An aspect alluded to by the ESRC report is the importance of narrative: the way in which we organise events into intelligible stories. Media reports construct narratives, and we also impose our own narratives on the information we glean from a variety of sources. Narrative is a very powerful, often-unconscious human trait. Certain narratives, especially those involving conflict, are cross-cultural and deeply embedded in our psyches. They may have an appeal that transcends logic or conventional rationality. An appealing plot is one in which a sympathetic hero encounters a series of obstacles: everyone seems to be against the protagonist who is seen as a selfless crusader on behalf of common good. Andrew Wakefield easily fits this stereotype in popular imagination: the underdog ‘David’ pitted against the ‘Goliath’ of the medical and government establishment.

Activity 3

The factors that make for a ‘good story’ in the media often share elements of a good fictional plot. Can you identify other science-based news stories in which narrative appeal has potentially shaped public perceptions of an issue?

Discussion

Channel Five recognised the narrative potential in the MMR story and made it explicit: in December 2003 they screened a drama, written by Timothy Prager, called Hear the Silence. It starred Hugh Bonneville as Andrew Wakefield and Juliet Stevenson as the mother of an autistic child convinced of the link between the MMR vaccine and her son's condition. The drama, watched by 1.3 million people, stirred up a huge amount of controversy. Most of the coverage was negative, criticising the drama for being one-sided and for indulging in conspiracy theory.
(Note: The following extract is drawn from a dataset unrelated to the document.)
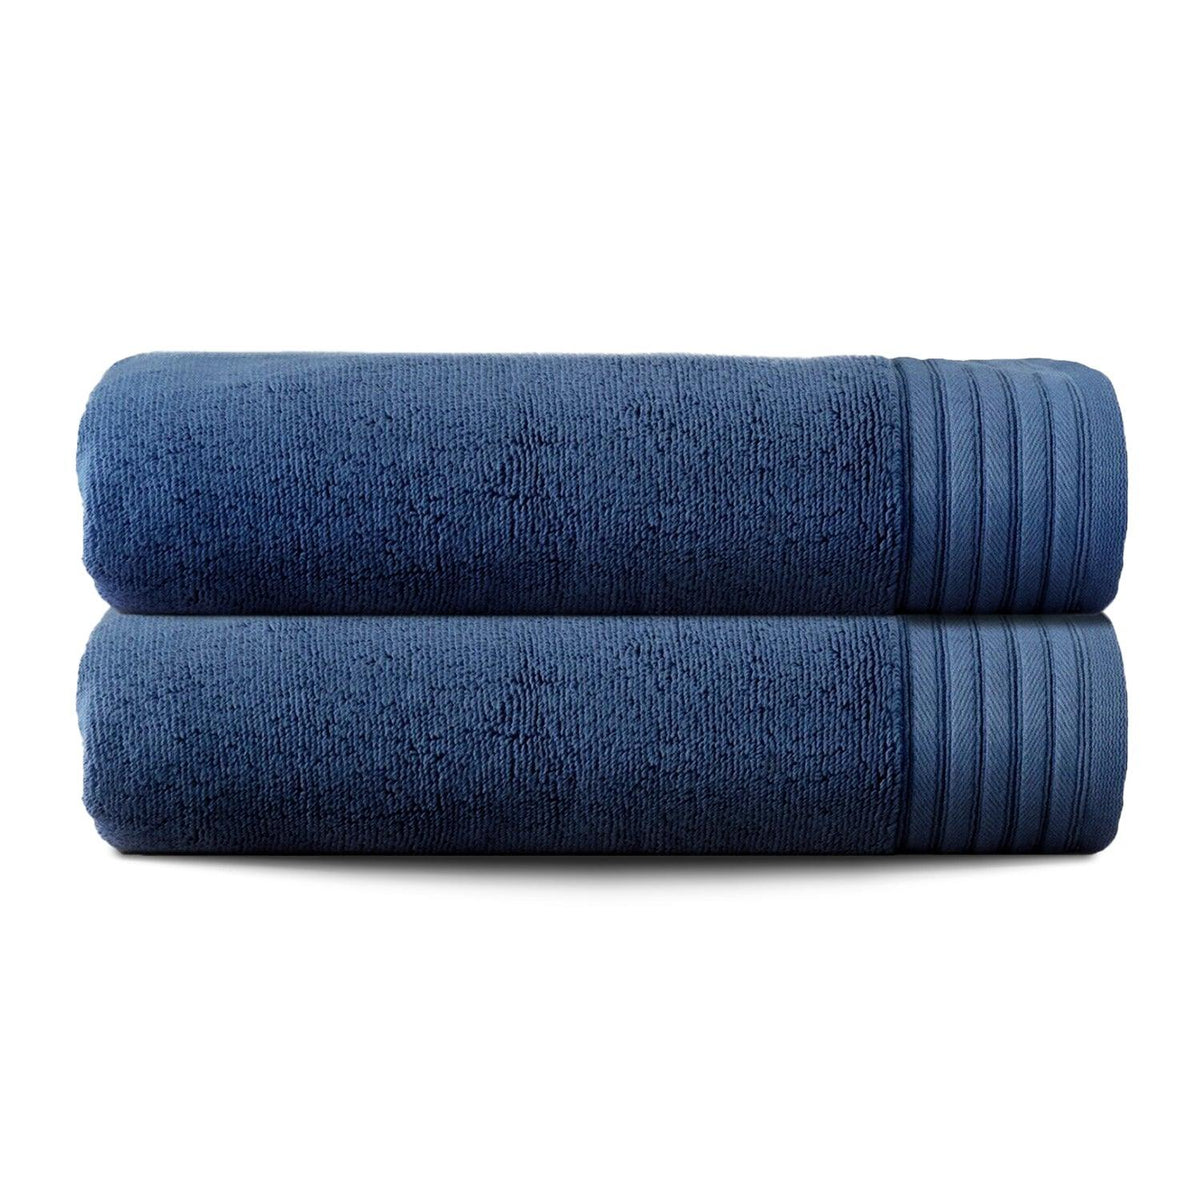 Egyptian Cotton Bath Towel Pack of 2

For example, Mark Lawson wrote in the Guardian (8 December 2003):

A series of distracted, sarcastic or conventional doctors representing conventional medicine are systematically shamed and humbled by Saint Mum and Saint Doctor. Scenes in which the Wakefields' phone is bugged and they receive threatening phone calls are casually dramatised, without any explanation of whether it's the drug companies or the NHS or the CIA that is being fingered for intimidation. If you walked into a doctor's surgery looking as lopsided as this drama, you would be sent for emergency orthopaedic surgery at once.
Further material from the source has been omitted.